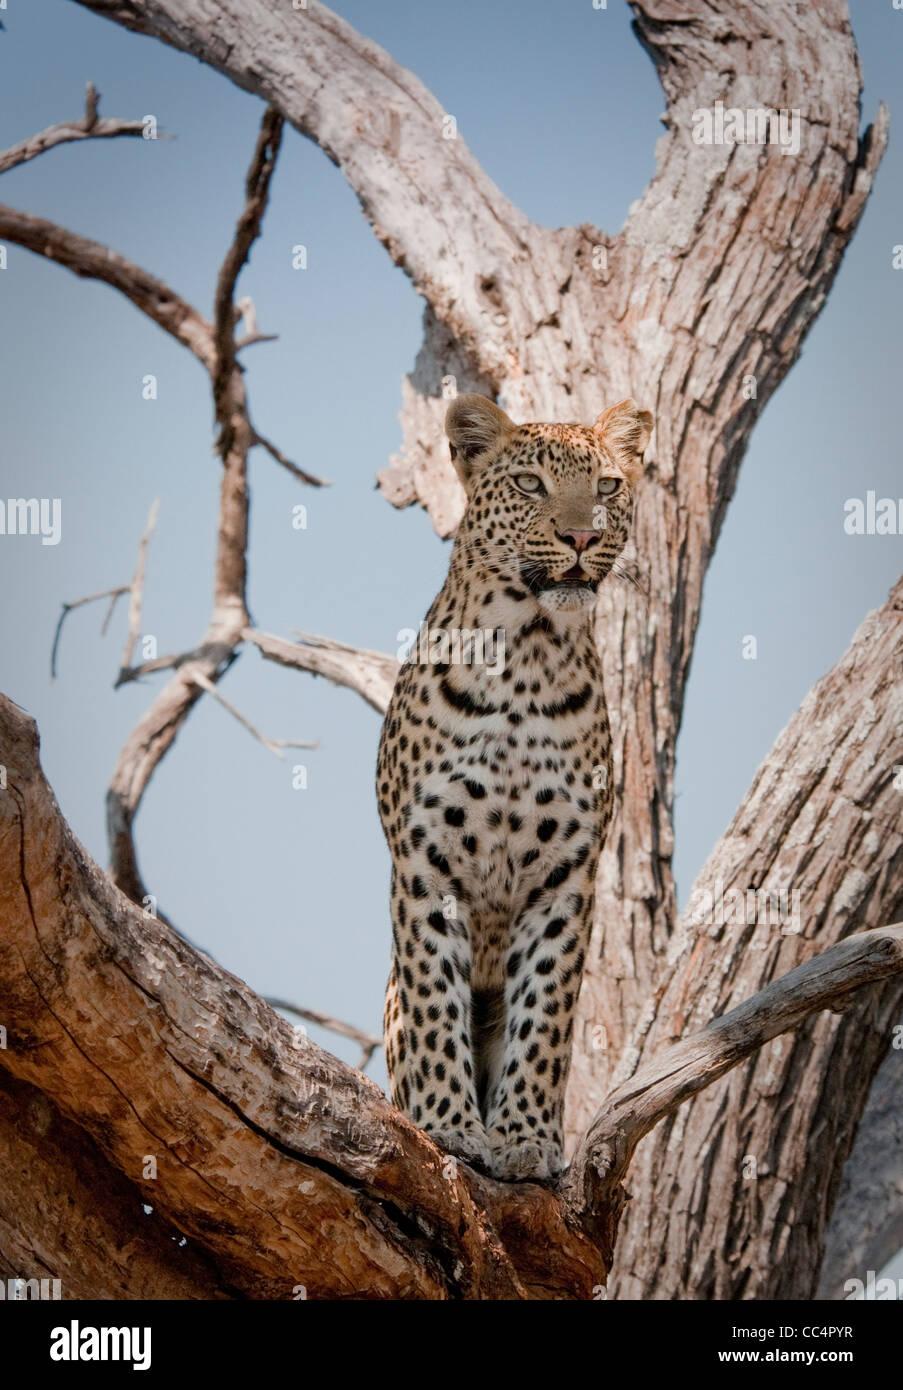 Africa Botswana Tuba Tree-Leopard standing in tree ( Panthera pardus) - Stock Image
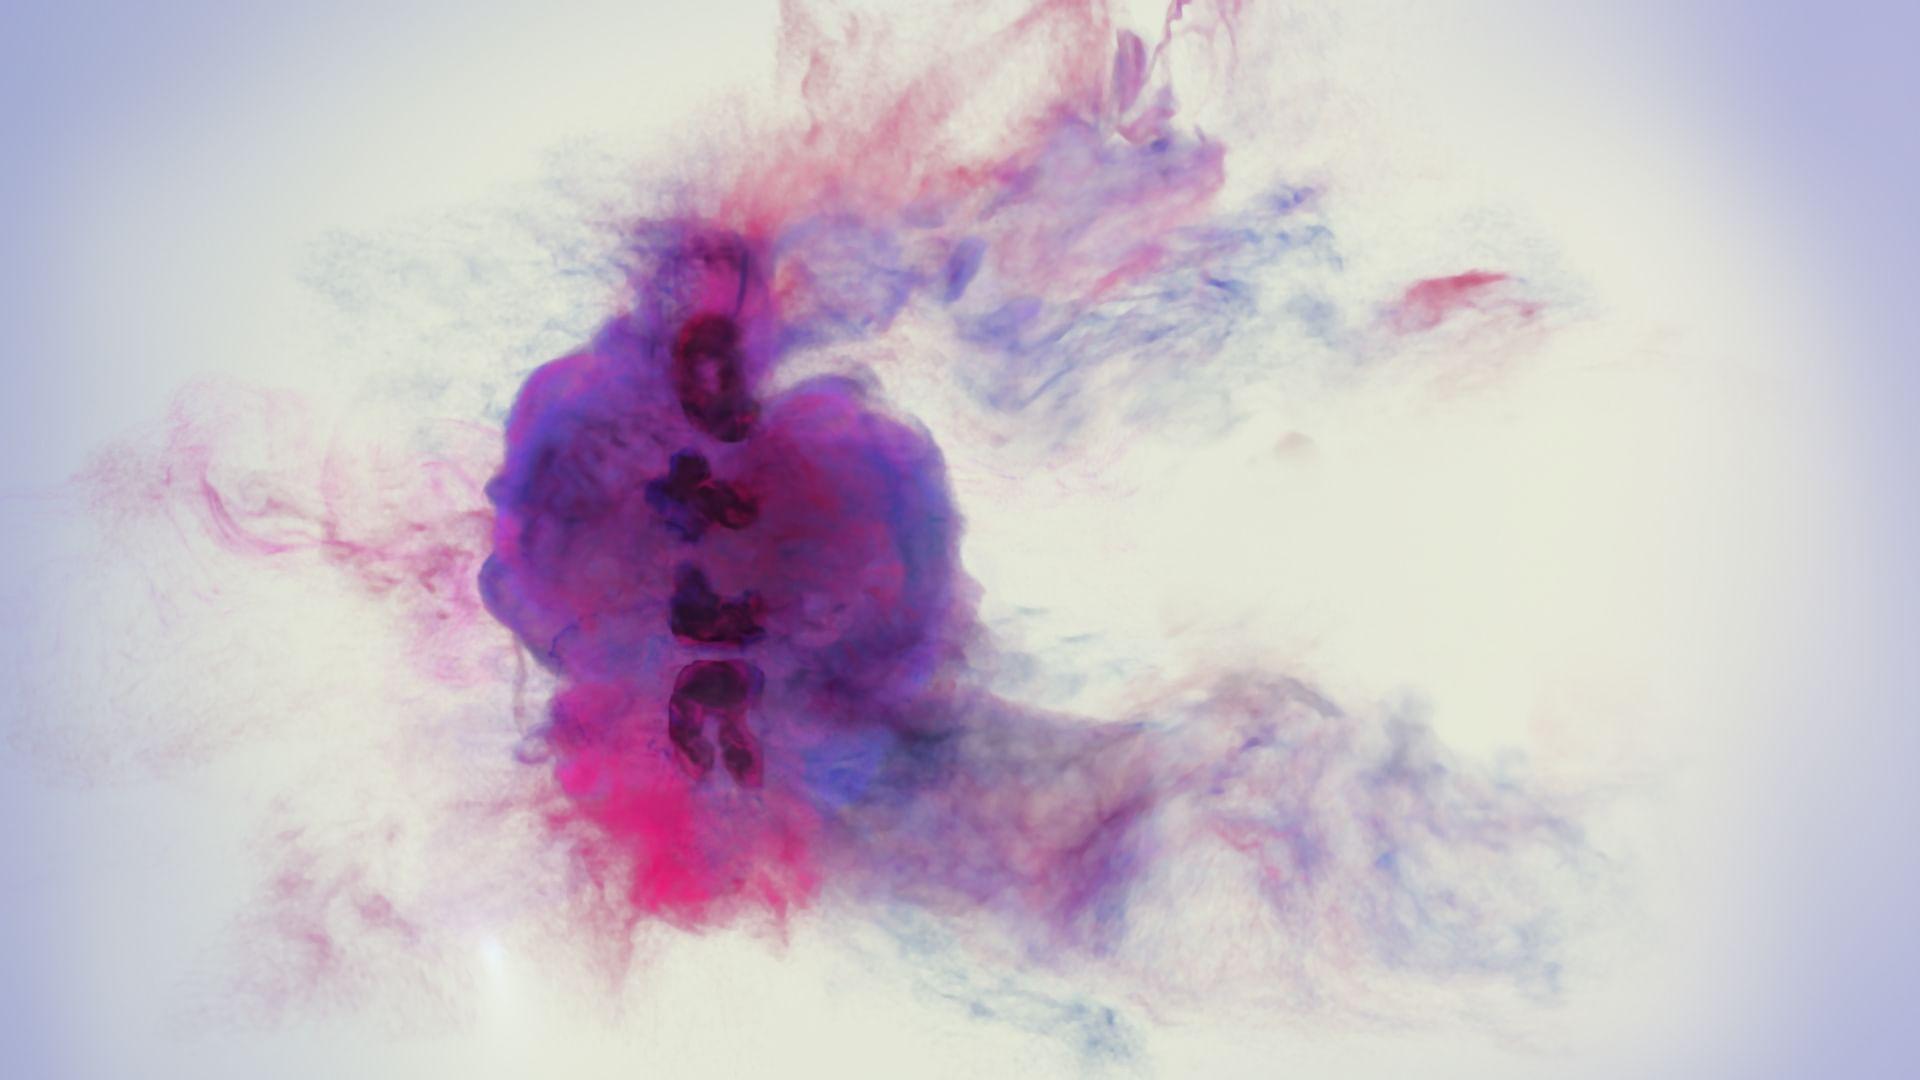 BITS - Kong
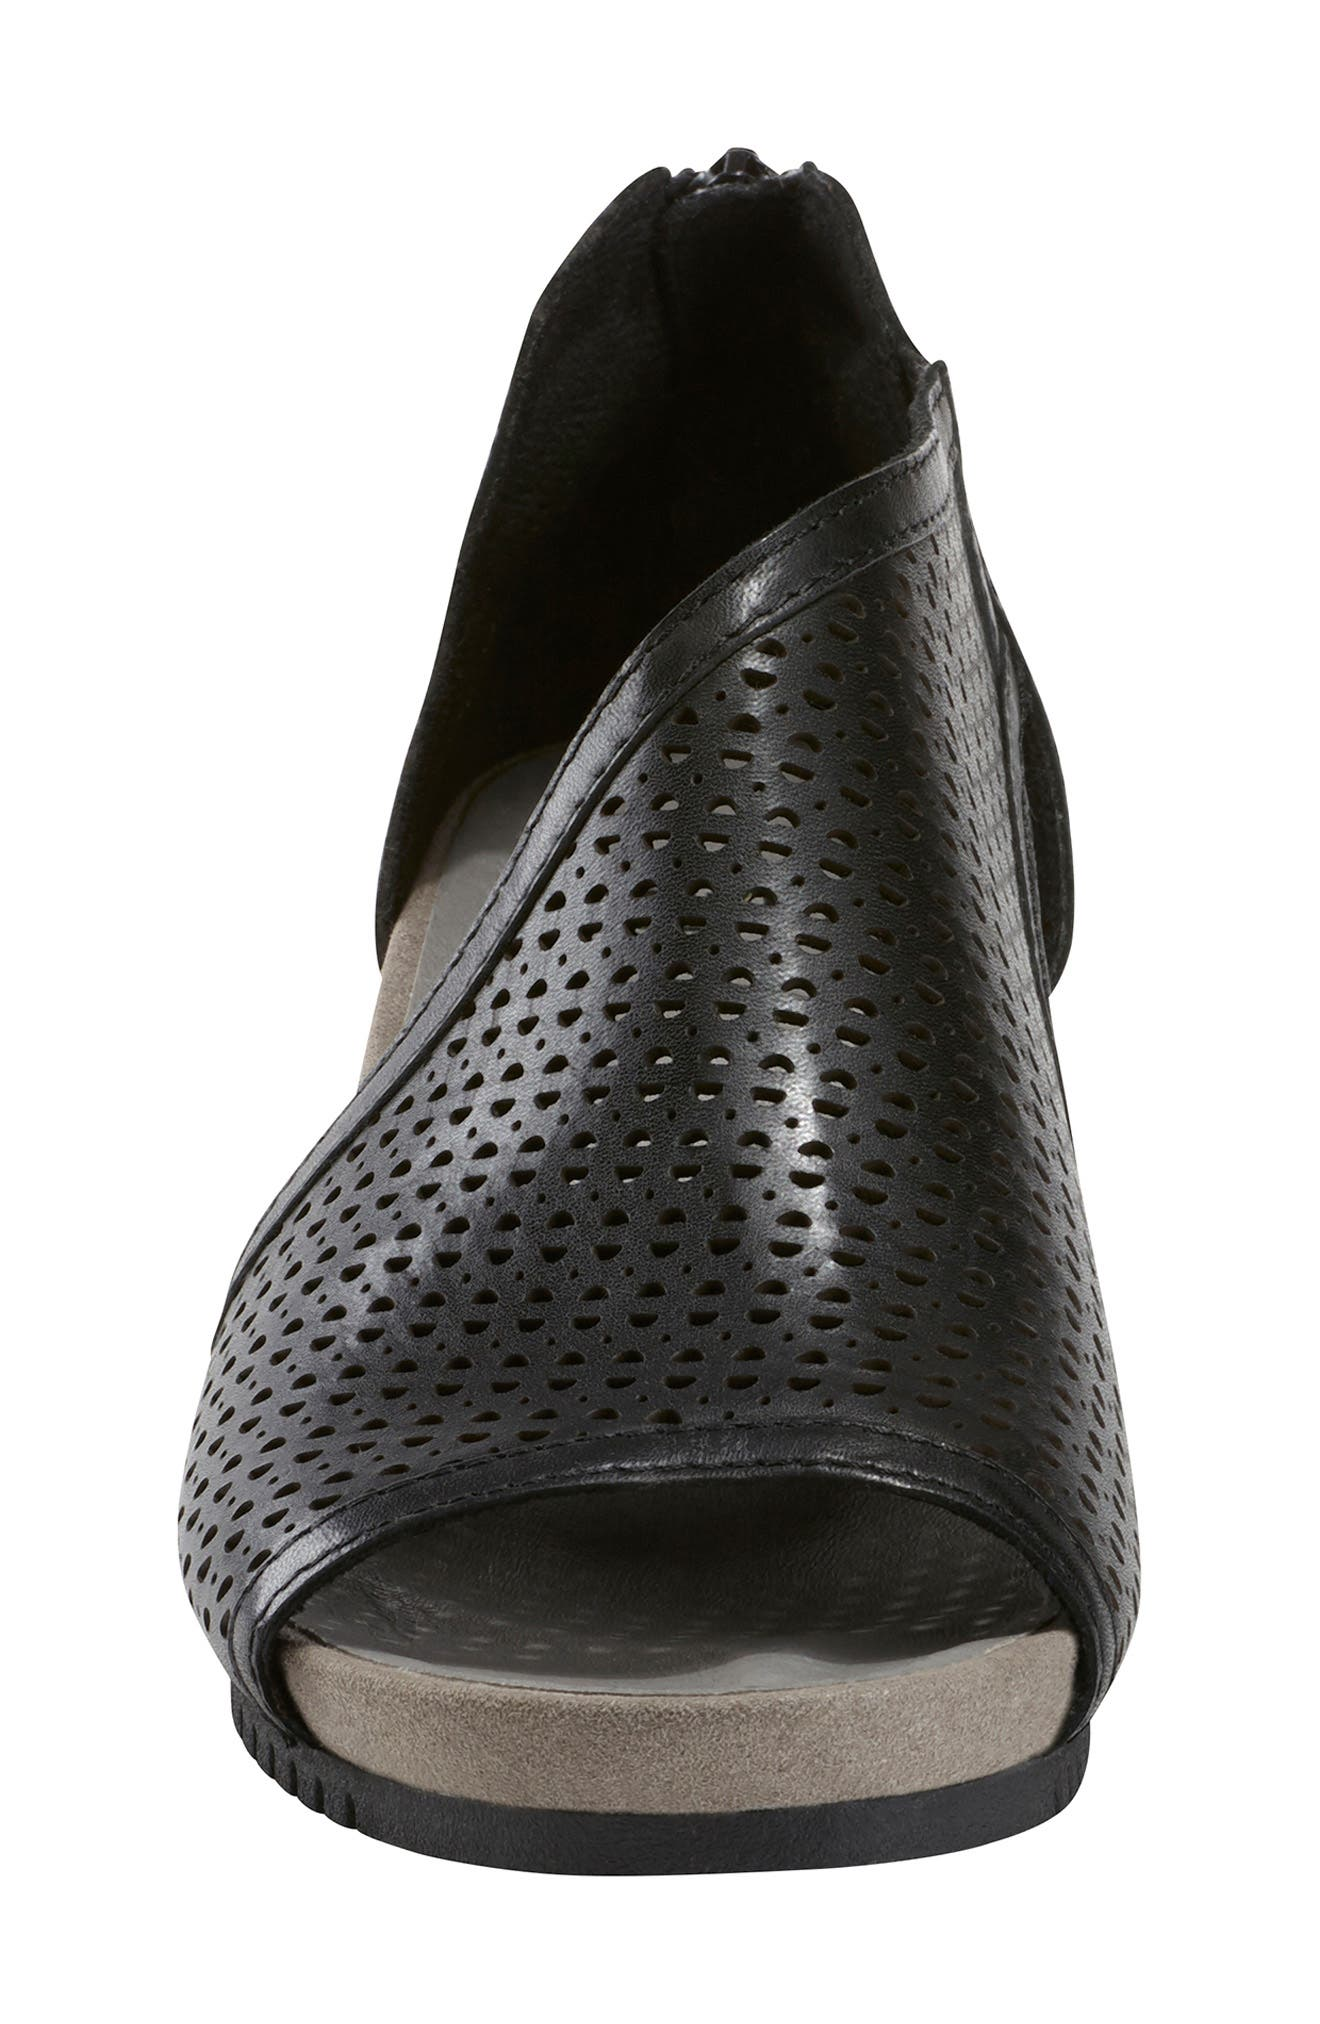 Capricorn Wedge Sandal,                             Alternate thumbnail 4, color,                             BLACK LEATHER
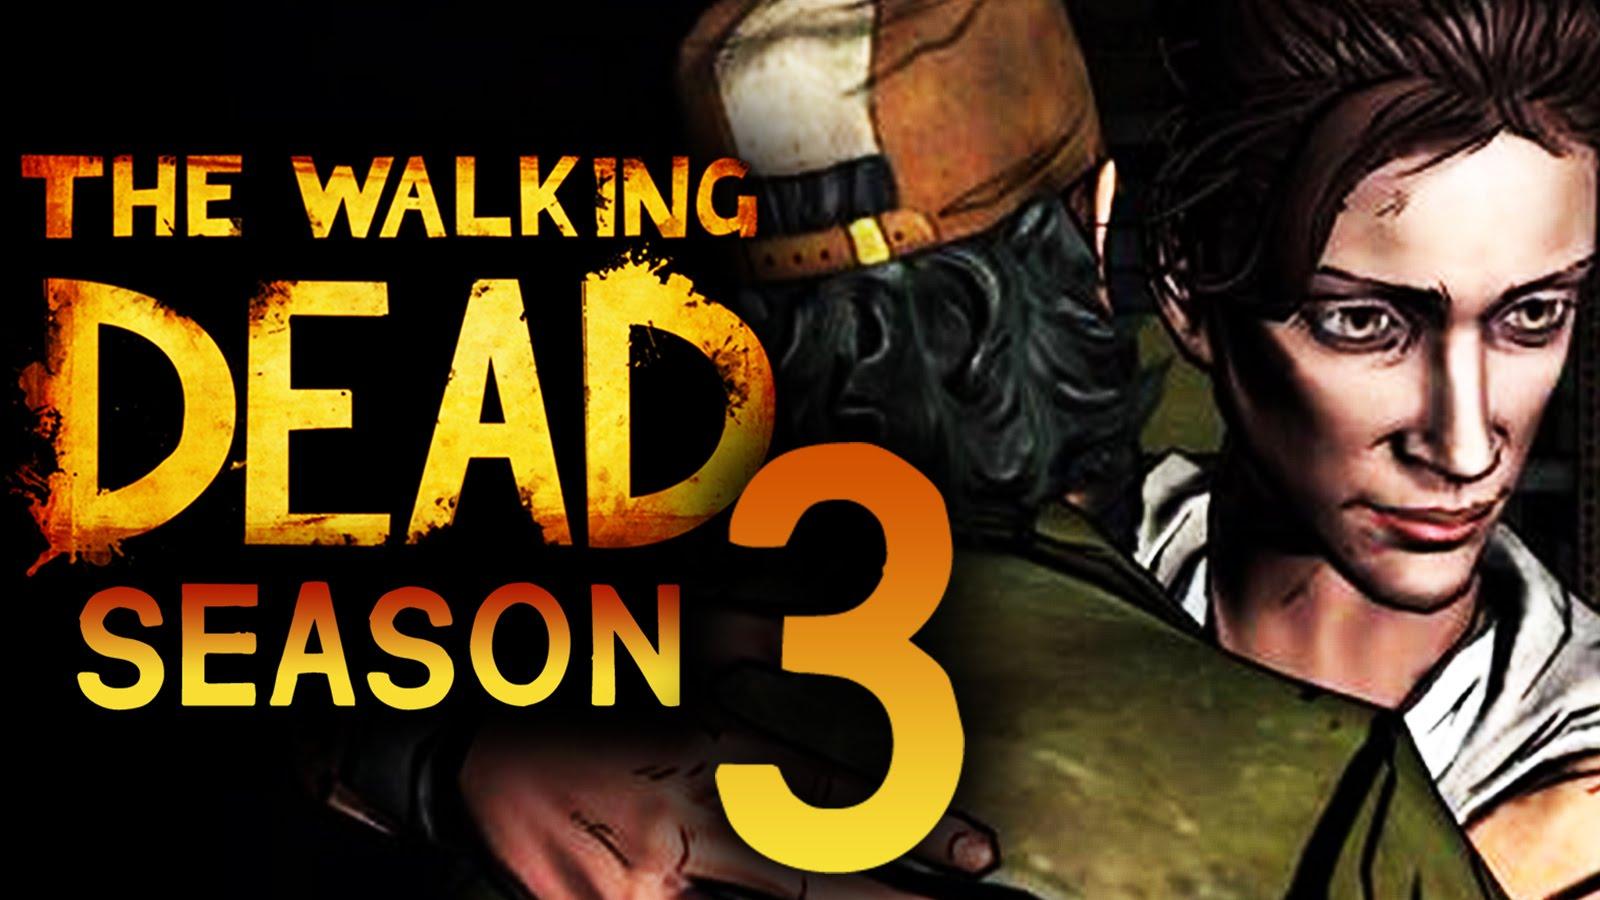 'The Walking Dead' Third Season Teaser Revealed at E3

What the task requires
Print out the whole of the material word for word, without pictures.

Solution to this task
 Africa Botswana Tuba Tree-Leopard standing in tree ( Panthera pardus) - Stock Image
 BITS - Kong
 Capricorn Wedge Sandal,                             Alternate thumbnail 4, color,                             BLACK LEATHER
 'The Walking Dead' Third Season Teaser Revealed at E3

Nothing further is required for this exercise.